Your instructions.
Look through the data below for the line with "Triangle Pocket T-shirt - black" and the line with "NAWONGSKY Womens Pleated Skirt XS-XXL", then transcribe exactly from the first through the second, leaving out all pictures.

Extracted records.

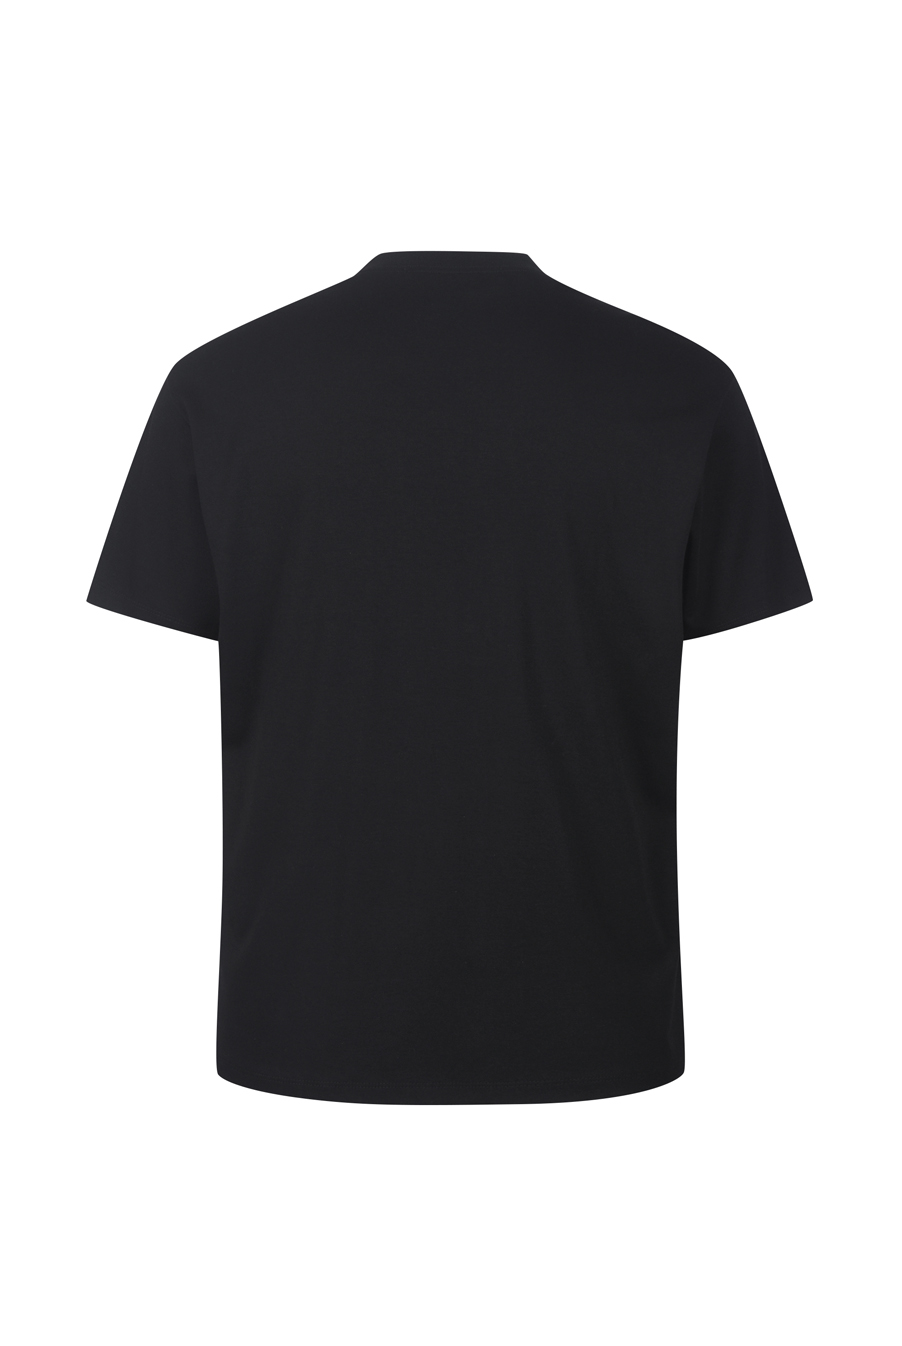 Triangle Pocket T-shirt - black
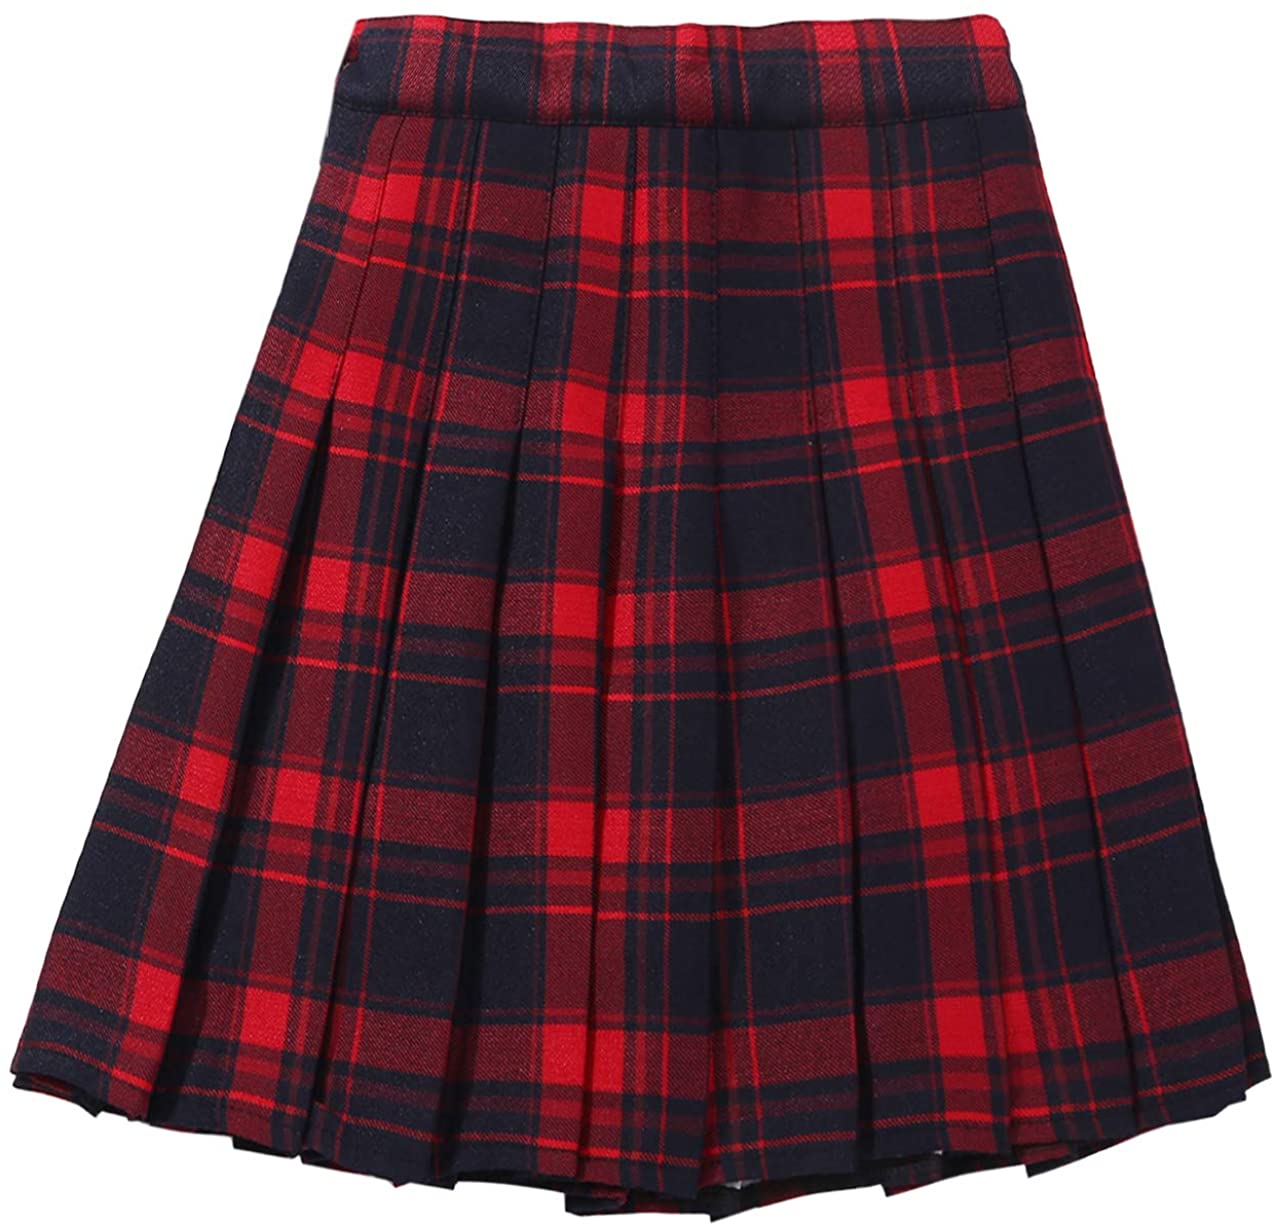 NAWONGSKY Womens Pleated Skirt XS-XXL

...

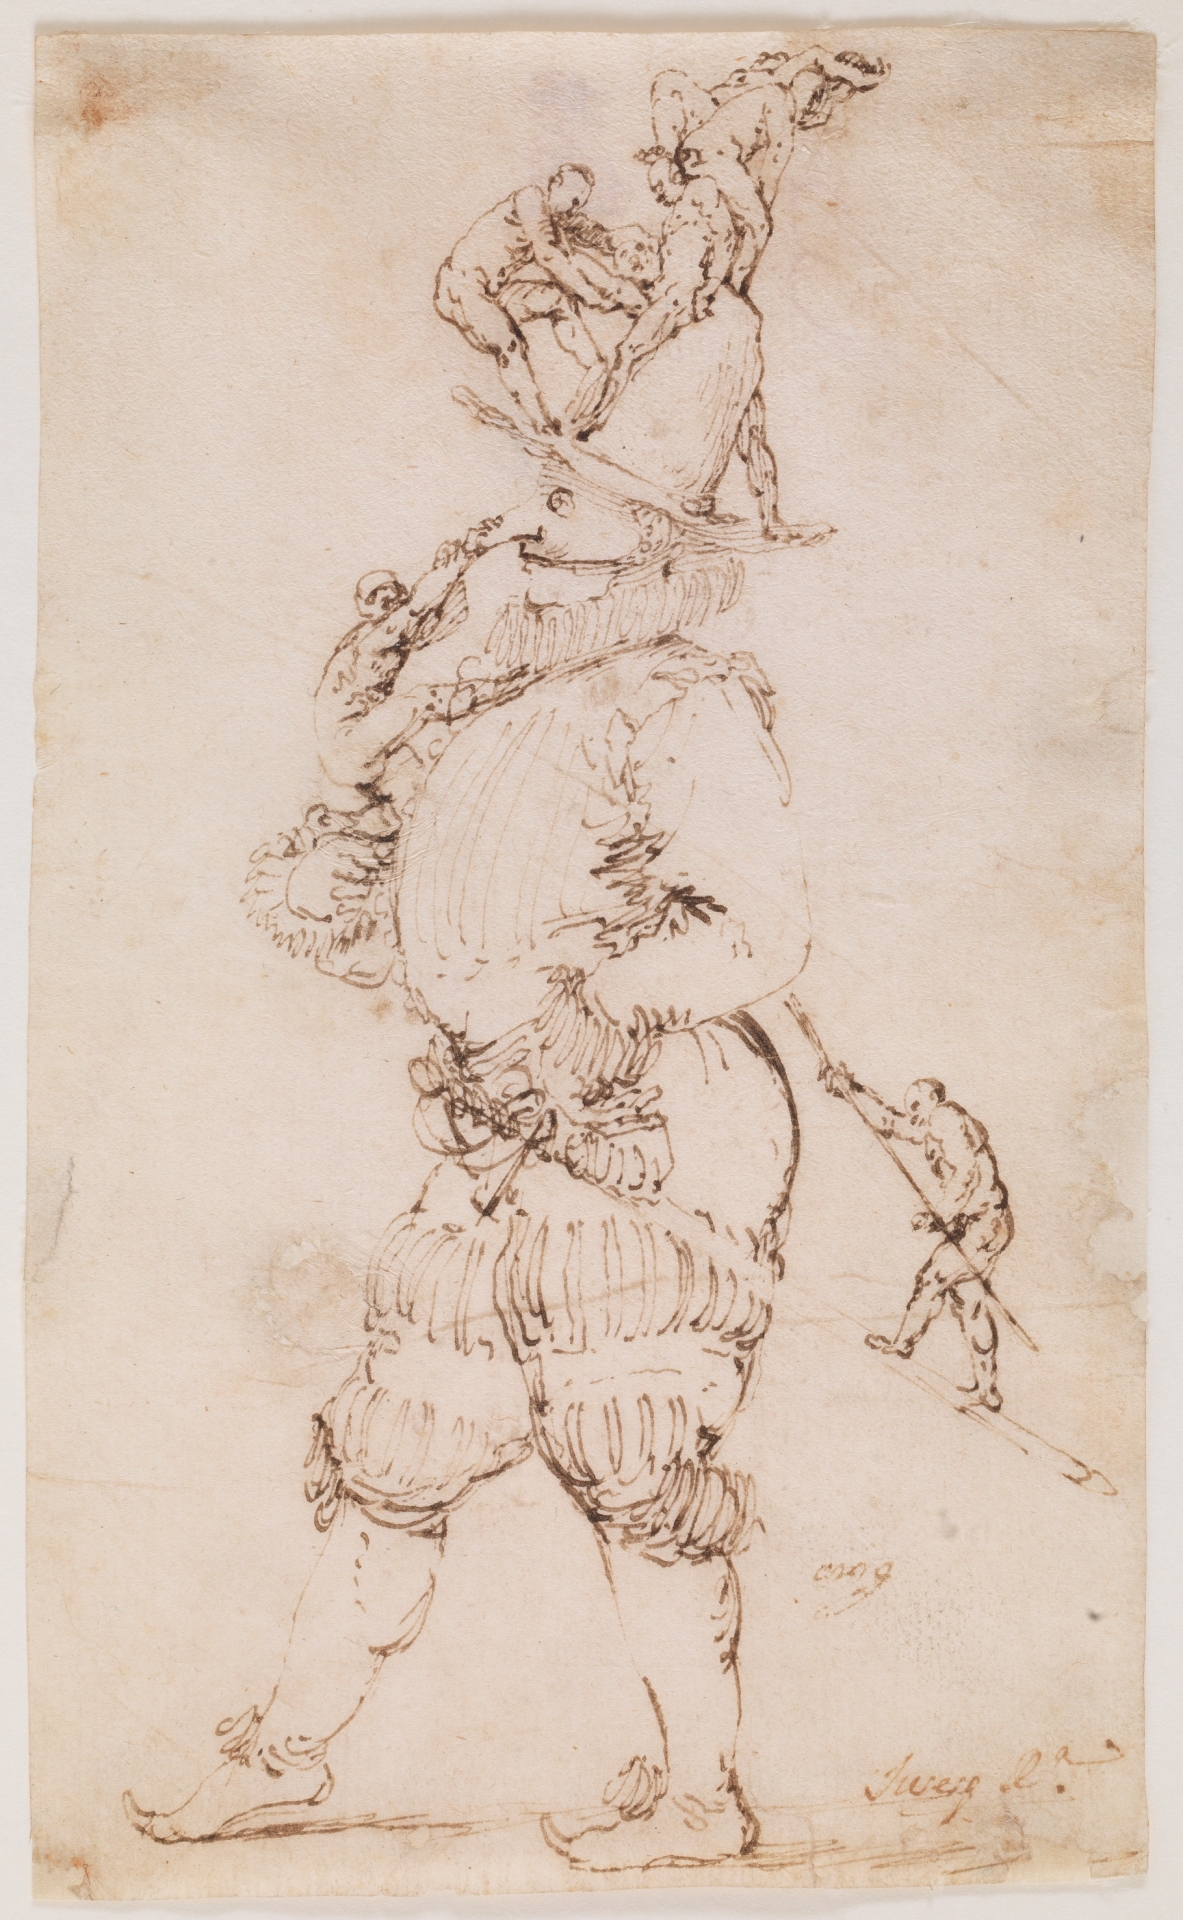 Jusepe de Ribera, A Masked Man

* * *

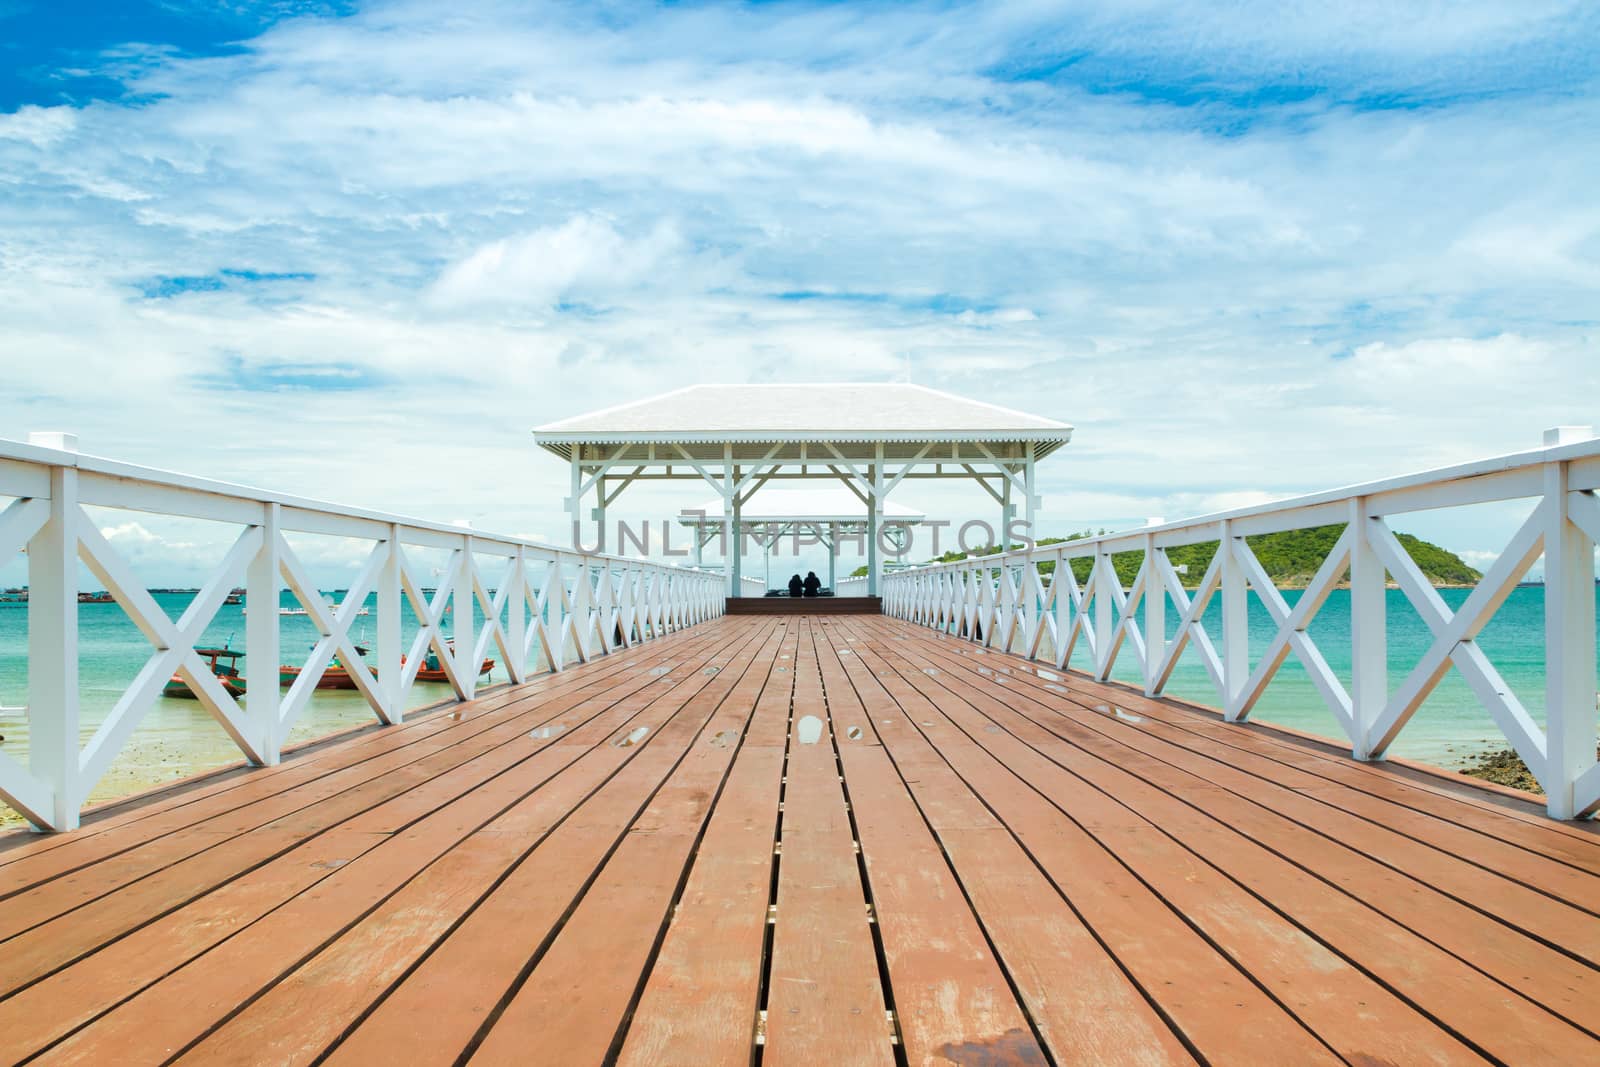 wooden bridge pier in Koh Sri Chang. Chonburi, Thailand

Answer.
 Triangle Pocket T-shirt - black
 NAWONGSKY Womens Pleated Skirt XS-XXL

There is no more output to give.